I knew it was a bad idea.
I KNEW the second I walked into the mall salon for a 5:00 walk-in…
this would not end pretty.
I knew using a hairstylst I had never met before was a terrible plan.
I knew her leopard print floor length skirt and Farrah Fawcett hair with a curly back was a bad sign.
WHY didn’t I listen to that still, small, fashionable voice in my head whispering “dooonnttt dooooo itt” ???
because I’m stupid.
because I let Pinterest and photos of actual GOOD bangs trick me into thinking I could pull it off.
Bangs aren’t for everyone.
and this is why.
Go ahead. Laugh. I am too. Half out of sadness and half “IS THIS REAL LIFE?!?!”
I texted a couple of my friends a photo directly after leaving the salon.

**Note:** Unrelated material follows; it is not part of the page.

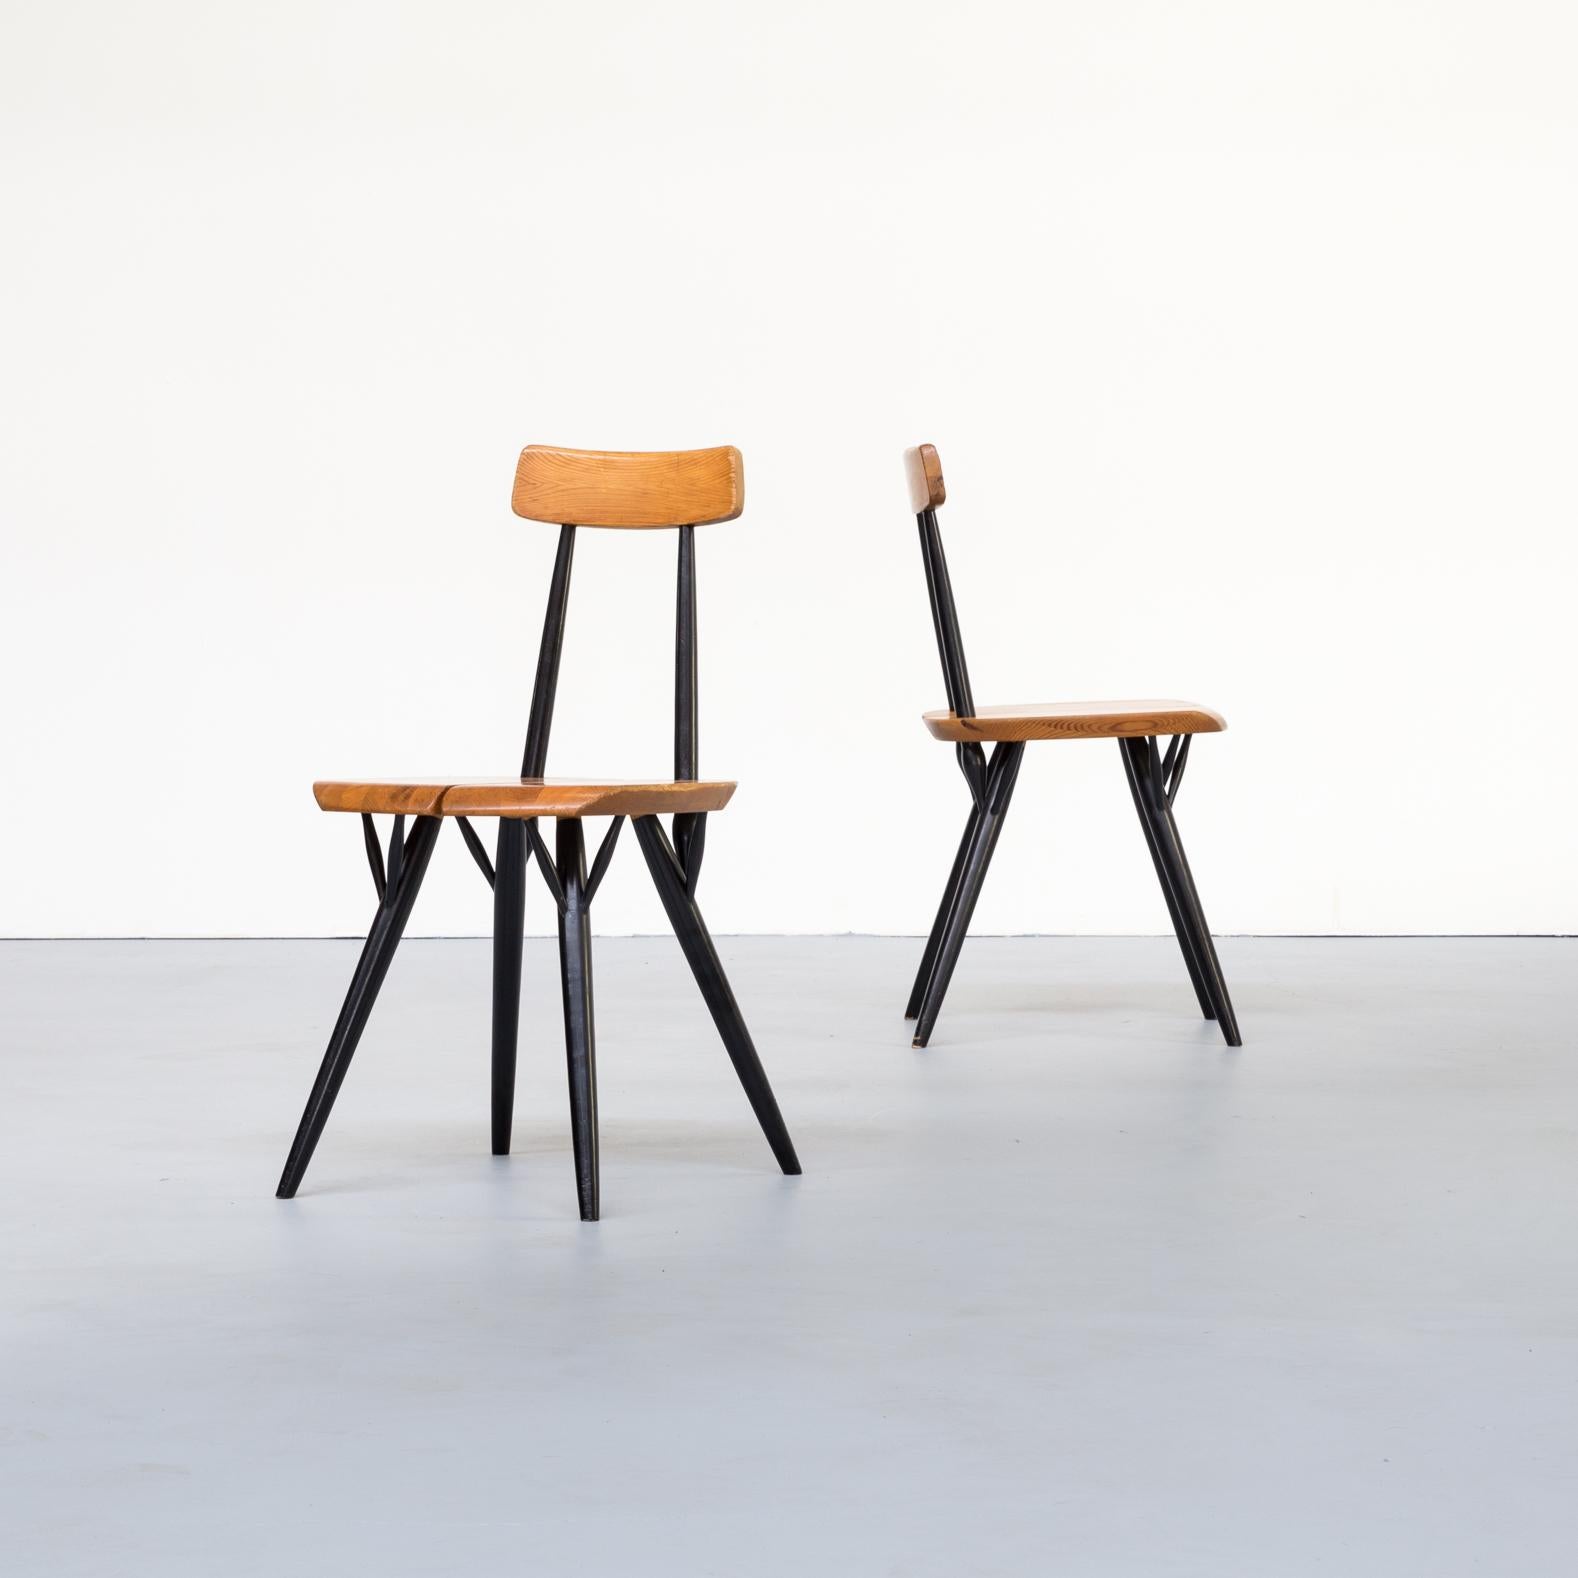 1960s Ilmari Tapiovaara “Pirkka” dining chair for Laukaan Puu, set of 2. Crafted entirely from solid wood, the Pirkka chair combines a birch frame with a pine seat and backrest. The solid lines of the pine elements contrast strikingly with the

I look like a Beatle with a mullet.
They tried so hard not to laugh.
“hahahaha, okay yeah, that’s bad”
“it’s a little poofy on top..”
“worst thirty three dollars ever”
and my favorite was my little brother Jacob. He never holds back.
Thankfully I was able to do a little bit of damage control.
I went home, dyed it, and pulled half of it back.
It wasn’t easy considering 70% of my entire head is now sitting on top in a bowl shape.
It’s actually pretty hilarious. I mean really, all you can do is laugh.